O governo federal publicou o Protocolo de Certificação para Bovinos Livres do Uso de Medicamentos Antimicrobianos, uma medida estratégica desenhada para preservar o acesso da carne bovina brasileira ao mercado da União Europeia. A iniciativa surge em um momento crítico, antecipando a exigência do bloco europeu que, a partir de 3 de setembro, demandará garantias rigorosas de que os animais destinados à exportação nunca foram submetidos a tratamentos com essas substâncias ao longo de seu ciclo de vida.

Embora o protocolo estabeleça as diretrizes necessárias para a conformidade, a adesão é voluntária e o cenário atual é de escassez de propriedades aptas. Segundo análise da Genial Investimentos, a implementação do sistema confirma as expectativas de mercado, mas não altera as projeções para as empresas do setor, uma vez que a transição operacional impõe desafios que superam a simples publicação de normas regulatórias.

O desafio da rastreabilidade

A busca pelo mercado europeu exige um nível de controle sanitário que difere das práticas convencionais de grande parte do rebanho brasileiro. Conforme apontado pela Genial Investimentos, o Brasil possuía dois caminhos técnicos para contornar os entraves: a restrição severa do uso de antimicrobianos em escala nacional ou a criação de um sistema de rastreabilidade robusto e auditável. O governo optou pela segunda via, focada na comprovação individualizada do histórico de cada animal.

Historicamente, o agronegócio brasileiro tem demonstrado capacidade de adaptação a padrões internacionais. Contudo, a complexidade logística para isolar animais e garantir a ausência total de medicamentos exige uma infraestrutura de controle que poucas propriedades possuem hoje. A transição não é apenas burocrática, mas envolve uma mudança profunda nos processos de manejo pecuário que não ocorre de forma instantânea.

Mecanismos de adaptação e impacto

O mecanismo de certificação atua como um filtro que separa a produção de exportação do mercado interno. Para os frigoríficos, o impacto imediato é a necessidade de realocação de volumes e a renegociação de contratos. A expectativa de analistas é que o mercado enfrente um hiato de aproximadamente três meses, período necessário para que o ecossistema pecuário consiga alinhar suas operações às exigências europeias.

A velocidade com que as propriedades serão certificadas determinará a extensão do prejuízo operacional. O incentivo para os produtores é claro: o acesso ao mercado europeu premia a carne com valor agregado superior, justificando o custo da certificação.

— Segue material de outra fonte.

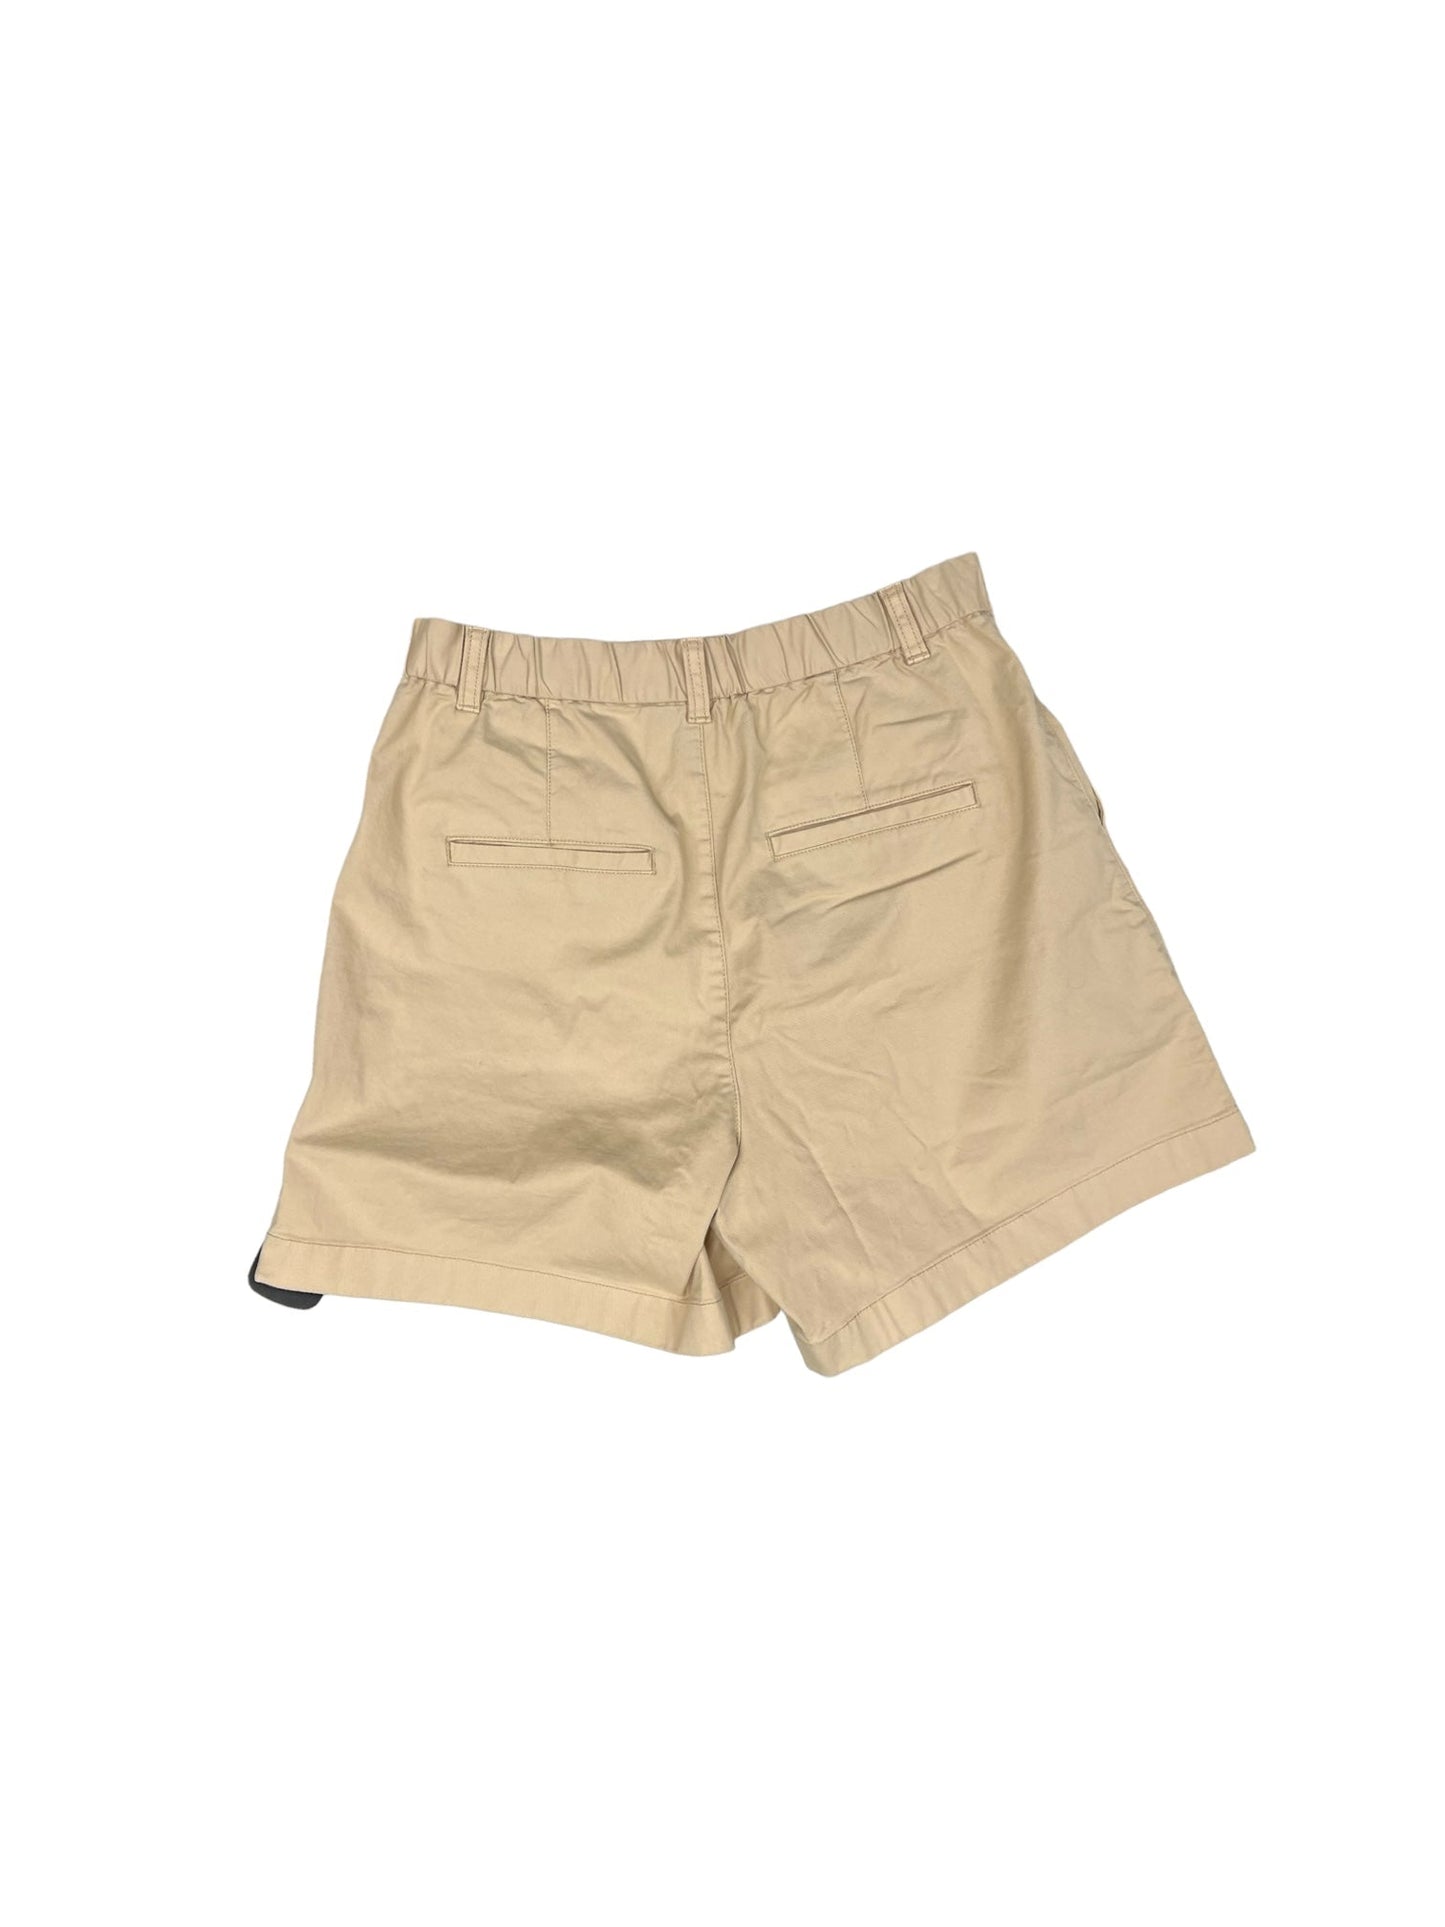 Tan Shorts Gap, Size 6

Entretanto, o custo de oportunidade de perder esse mercado durante o período de transição é uma variável que pressiona as margens das empresas do setor no curto prazo.

Tensões no mercado internacional

A relação comercial entre Brasil e União Europeia em torno de produtos de origem animal tem sido marcada por uma crescente exigência regulatória. Para os reguladores europeus, a questão dos antimicrobianos é uma prioridade de saúde pública, enquanto para os produtores brasileiros, o desafio é equilibrar a produtividade com normas cada vez mais restritivas. A situação coloca em evidência a necessidade de maior agilidade na implementação de sistemas de rastreabilidade que sejam reconhecidos internacionalmente.

Concorrentes globais observam atentamente essa transição. Caso o Brasil demore a normalizar os embarques, outros players podem ocupar o espaço deixado pelos frigoríficos brasileiros nas prateleiras europeias. A capacidade de resposta do setor, portanto, não é apenas uma questão de conformidade, mas de manutenção de market share em um dos mercados mais exigentes do mundo.

O horizonte de incertezas

O que permanece incerto é a resiliência da cadeia produtiva diante das exigências de auditoria. A eficácia do novo protocolo dependerá da celeridade do processo de certificação e da aceitação das autoridades europeias quanto aos sistemas de controle implementados pelo Brasil. O mercado aguarda sinais de que a transição será fluida o suficiente para evitar um impacto prolongado nos resultados trimestrais das companhias.

Os próximos meses servirão como um teste de estresse para a capacidade de adaptação do agronegócio nacional. A observação constante sobre o ritmo de certificação das fazendas será o principal indicador para investidores e agentes do mercado. A transição para um modelo de produção mais rastreável é um caminho sem volta, mas o custo dessa adaptação ainda está sendo precificado.

A normalização das exportações depende agora da sincronia entre a vontade política do governo, a agilidade dos produtores e a validação técnica dos importadores europeus. O desenrolar deste processo definirá como o Brasil se posicionará em um mercado global que, cada vez mais, vincula a sanidade animal à viabilidade comercial.